As for who’s scientifically correct on this, it’s pretty irrelevant. The fact of the matter is that to the casual consumer, Taco Bell has carved out a niche for itself via its cheap eats and appeal to late-night snackers. And winning a lawsuit won’t change the menu and ads screaming about 99 cent burritos or cheap meal deals.

It’s worth noting the premium push at restaurants like McDonald’s (NYSE: MCD) and Wendy’s (NYSE: WEN) isn’t to win any awards. The move is largely because cheap eats have squeezed margins almost to nothing.

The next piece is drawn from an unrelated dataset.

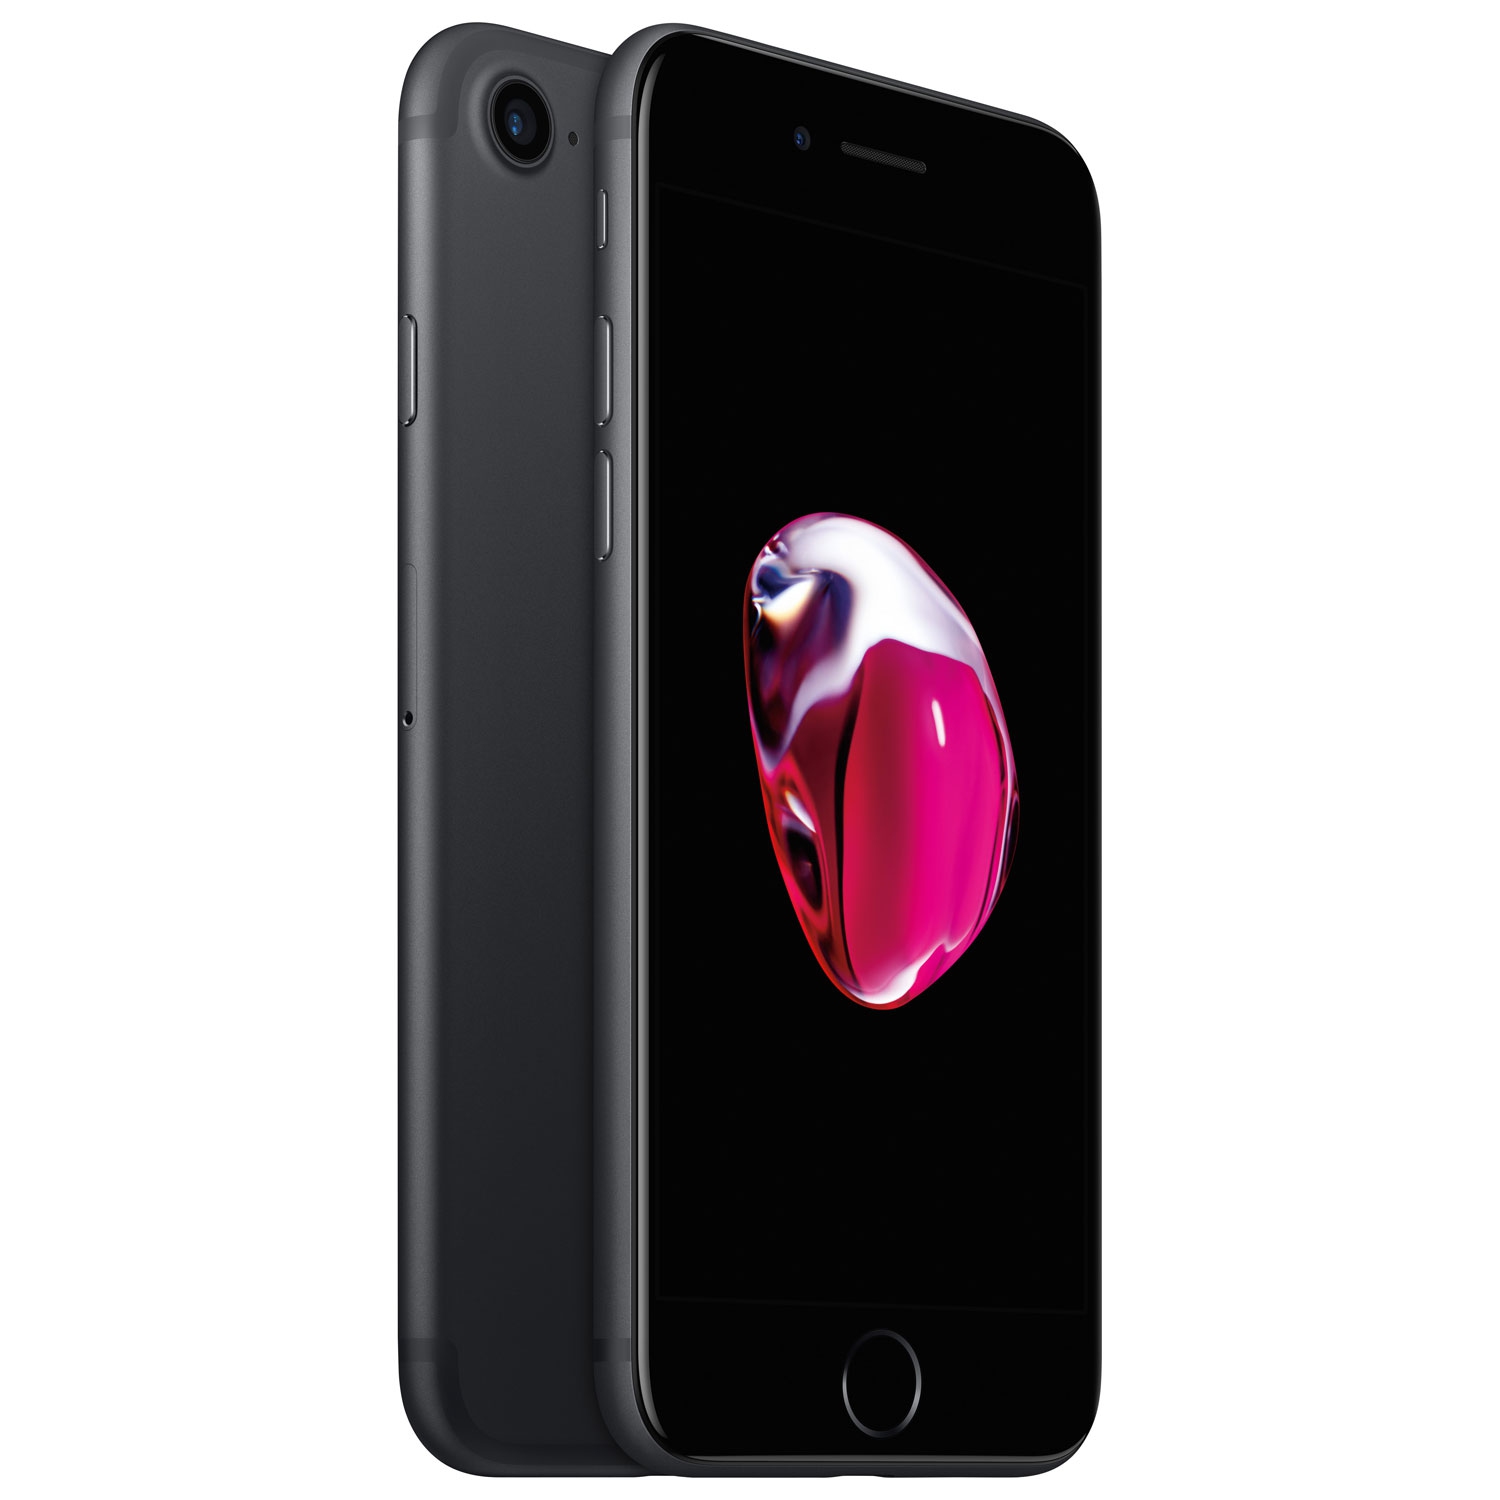 Apple iPhone 7 32GB Smartphone - Black - Unlocked - Open Box

A focus on higher-quality, higher-priced products allows for better profits – as well as tapping into a broader consumer base that eats there because they want to, and not just because it’s all they can afford.

Take BK, with its summer push into barbecue ribs at Burger King. They were offered up north of $7 an order and sold out before the restaurant planned to end the promotion. Or take McDonald’s and its premium Angus burgers that can also run $5 or more per sandwich.These are big money-makers, as well as good for branding.

Though Taco Bell’s slogan is “Think Outside the Bun,” the restaurant would do well to take a peek at the kind of burgers the competition is serving up. Because whether the lawsuit about its beef is frivolous or not, the bottom line is that consumers in general see Taco Bell as a place to get cheap eats. And in the restaurant biz these days, quality cannot be an afterthought.